Monday, 18 May 2009

The Wrong Side

So every once in a while you tend to forget how old you are, sometimes deliberately and sometimes you just simply forget because you are really old and age tends to mess with your memory. Just the other day I was talking to my colleagues and they were trying to work out the age differences of those of us hanging around the pantry and I couldn’t be sure of my age. I had to actually do a mental calculation deducting the year I was born against the year we are in only to discover to my horror I was on the wrong side of thirty. Very wrong. Oh my god! I AM OLD! A couple more years and bam I’m on a different scale except this time on the right side of forty. Not much of a consolation that is though.

Some of my colleagues were discussing on buying the lottery and since the numbers we had to pick from were from 1 to 45, we decided to buy everyone’s age as our lucky numbers. I went through the digits and they were like 22, 23, 24, 27 and then it jumped a whole decade plus to 38. The only saving grace from the whole exercise was that there was another number after 38. Again it wasn’t that much of a consolation.

Just when you think it couldn't get any worse, reality check hits you right smack in your face and you are called an uncle. In this part of the world where we live in, the term uncle doesn’t always make you a relative of the person calling you that. Generally, it’s used loosely on someone who is more of an elder as a form of respect.
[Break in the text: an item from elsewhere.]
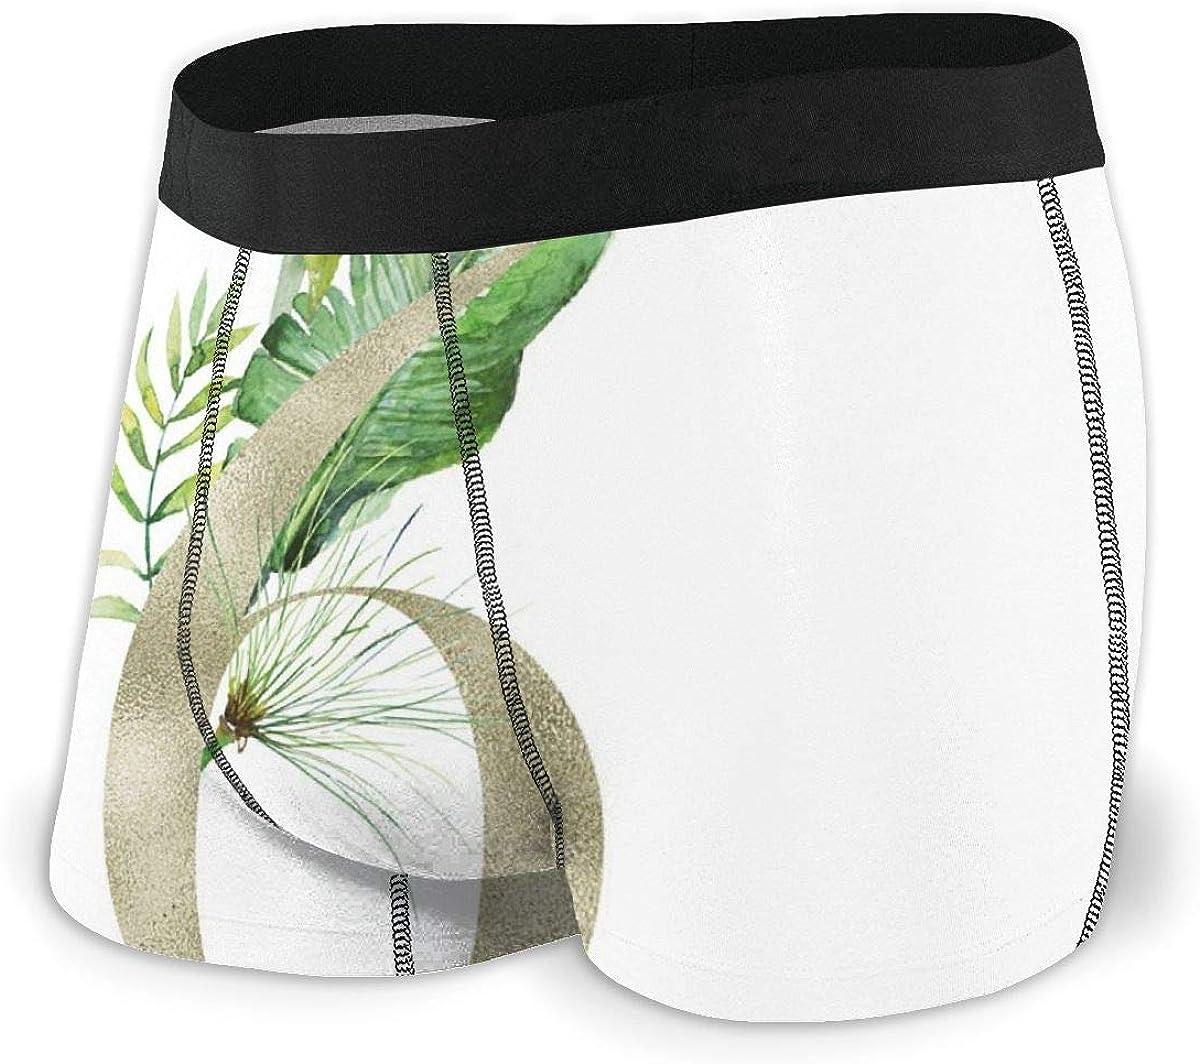 Mens Underwear Floral Tropical Numbers 6 Boys Boxer Briefs Trunks Low Rise Underpants Man
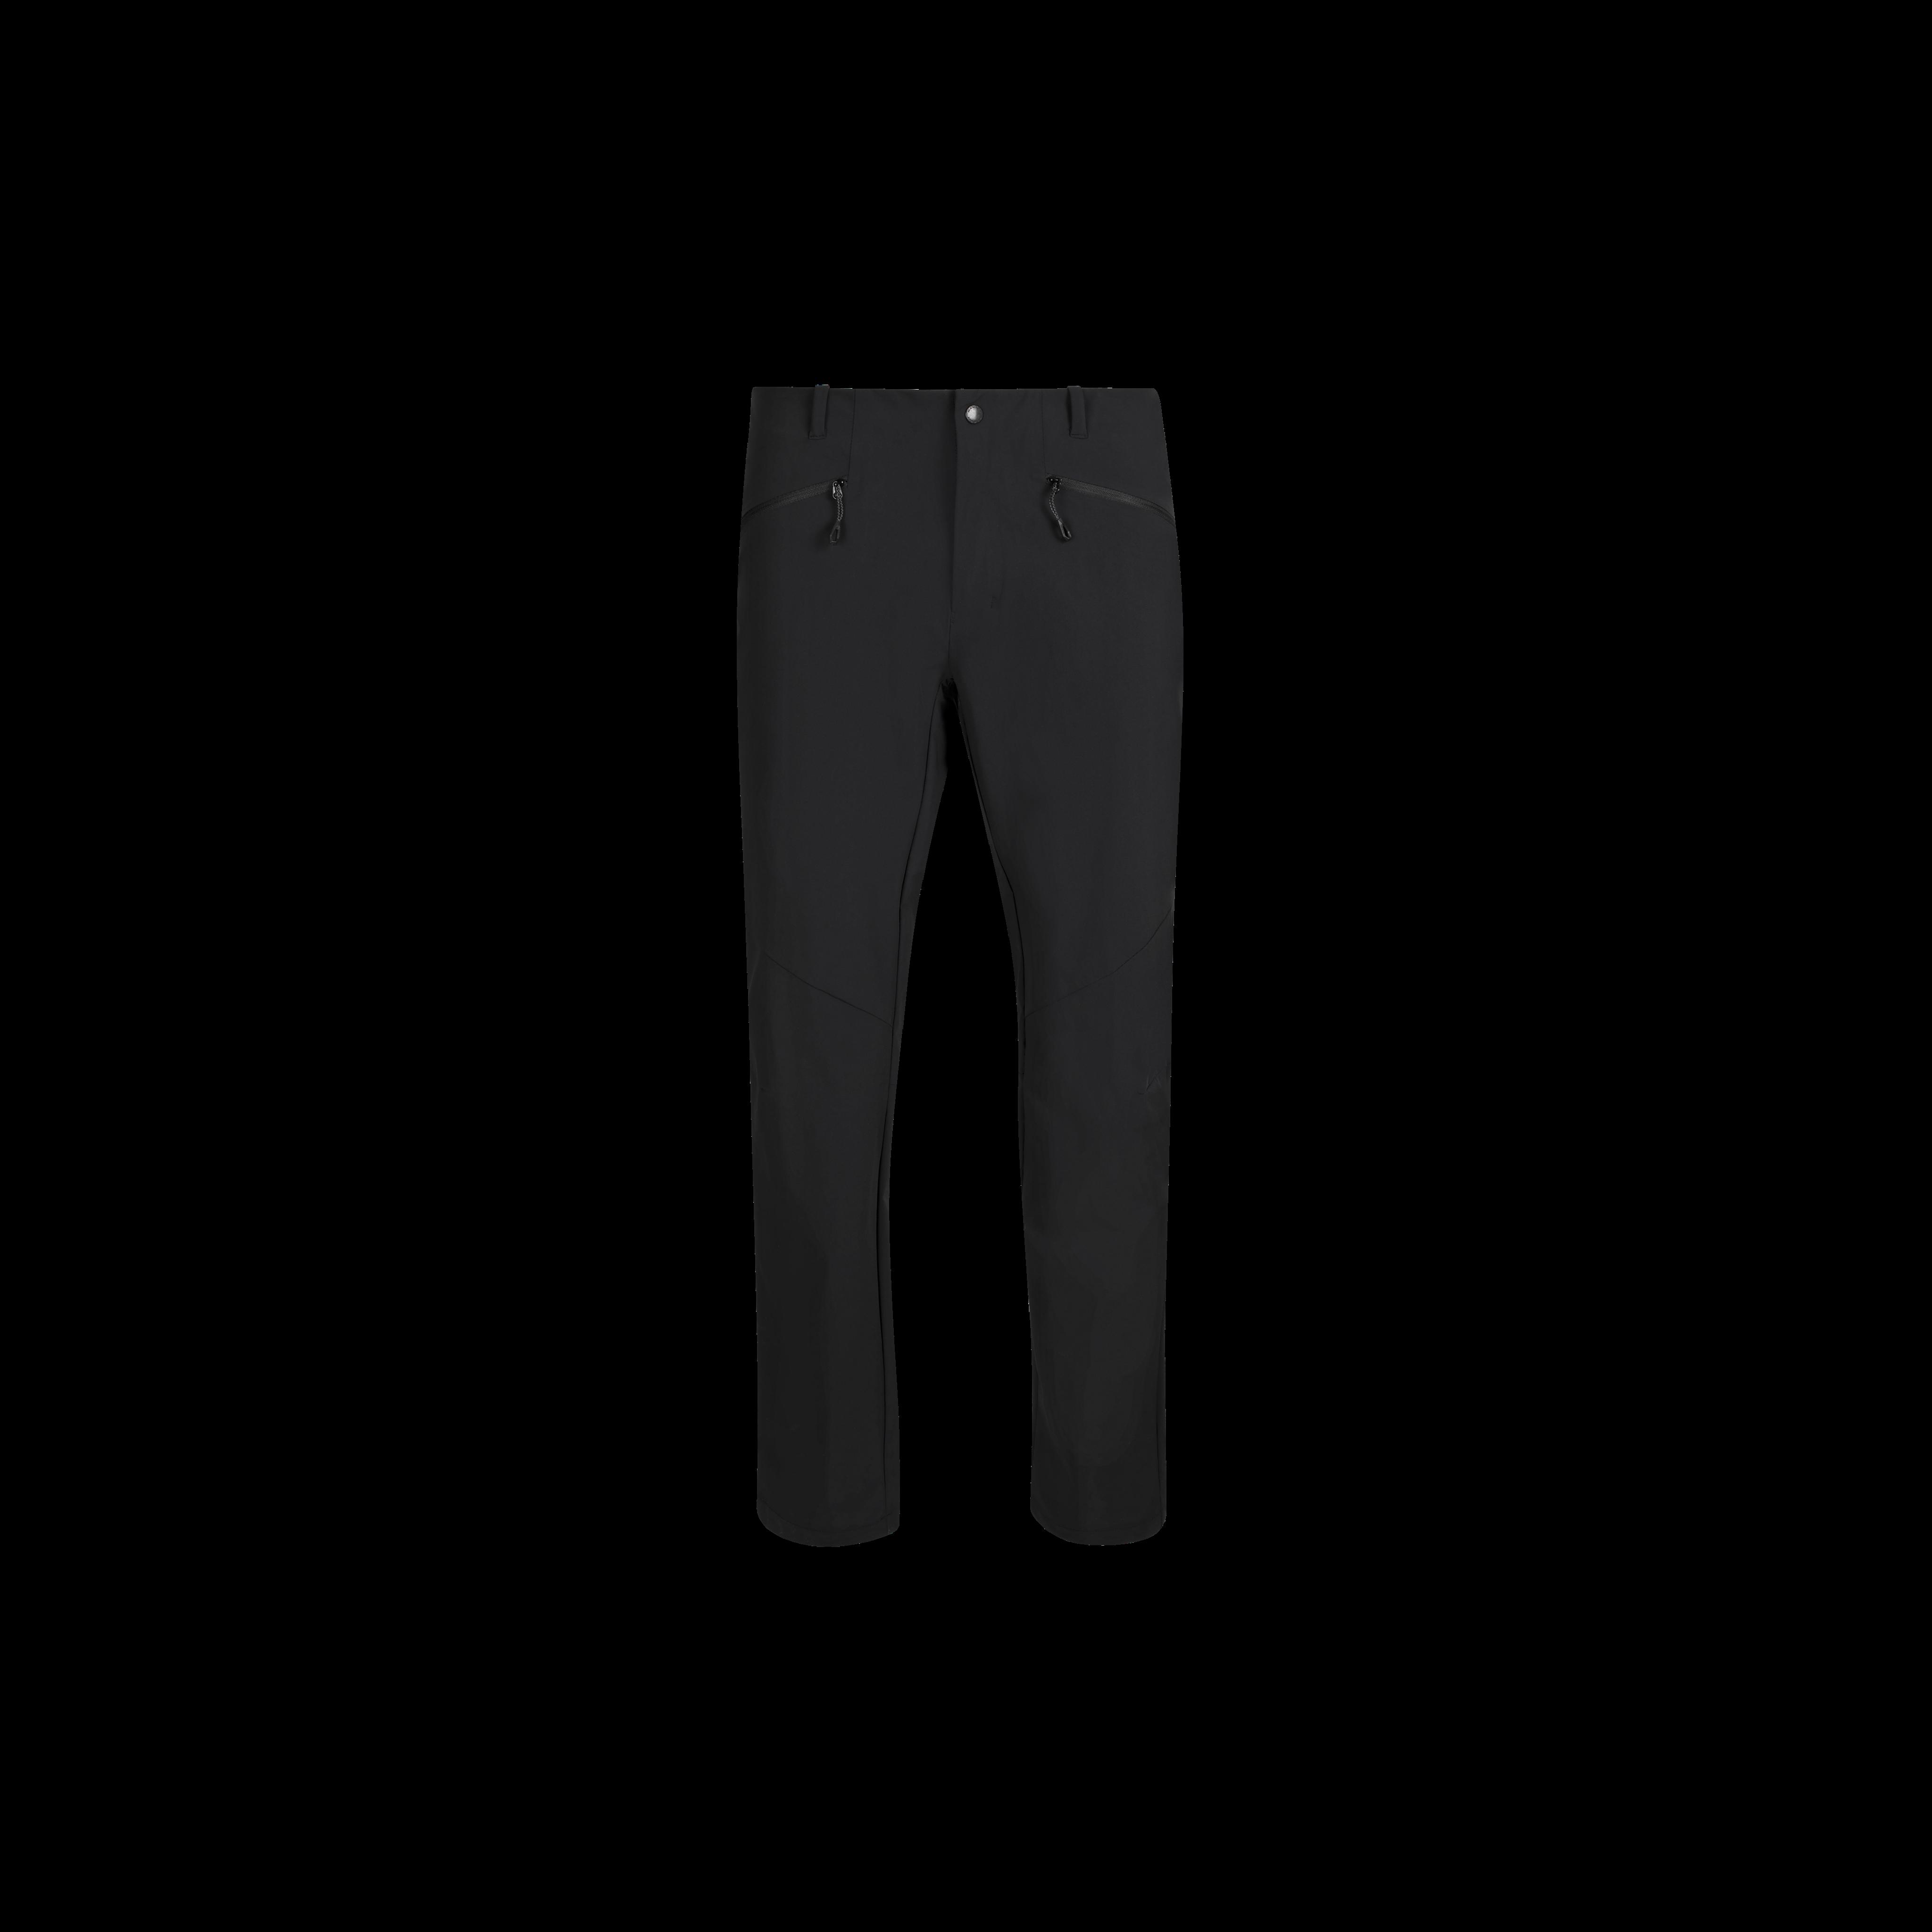 Macun SO Pants Men - black, short, UK 40 thumbnail

Now, I’m fine being termed an uncle, don’t get me wrong but I’m not so fine being called an uncle by someone clearly older than myself by a good 25 years! That’s just depressing! My company had organized a sale recently and some UNCLE approached me and started a small talk about how he’s not sure if his son who is in his late teens will like the design and color of the shoe he just picked and all. Since it was a lull period, I decided to be a good salesman by participating in his conversation.

And then he did the unbelievable. He called me UNCLE! He is bloody in his 50’s and he called me an UNCLE! U.N.C.L.E.!!!! ‘Eh uncle the shoes cheap huh, all past season huh.’ *Wink* ‘How often you guys do sales like these huh uncle? ’ *Wink* I had a good idea where the shoe he picked for his son was going to go after he called me that. Right into his mouth, down the esophagus and out of his ass that’s where! And he had this habit of trying to do a cool charming dude act with a wink every now and then when he passed some comment which he thought was smart like ‘cheap because its past season’, ‘shoes are all from china today’, ‘some shoes don’t last but your brand is the most lasting’ ‘my face is crinkled and needs ironing but I have no idea why I called you uncle still.’ Alright he didn’t say the last bit but he is in his 50s and for some reason he felt compelled to address me respectfully as an elder of the clan.

Now nothing thrills me to bits than to be recognized as a leader of a clan which are generally helmed by people in their 80’s or look 80. So, thank you uncle for making my day. I finally get the respect I had hankered for my last 38 years. I am now officially an uncle. I need to go eat some goat’s placenta. Anyone know of a sale going on for that?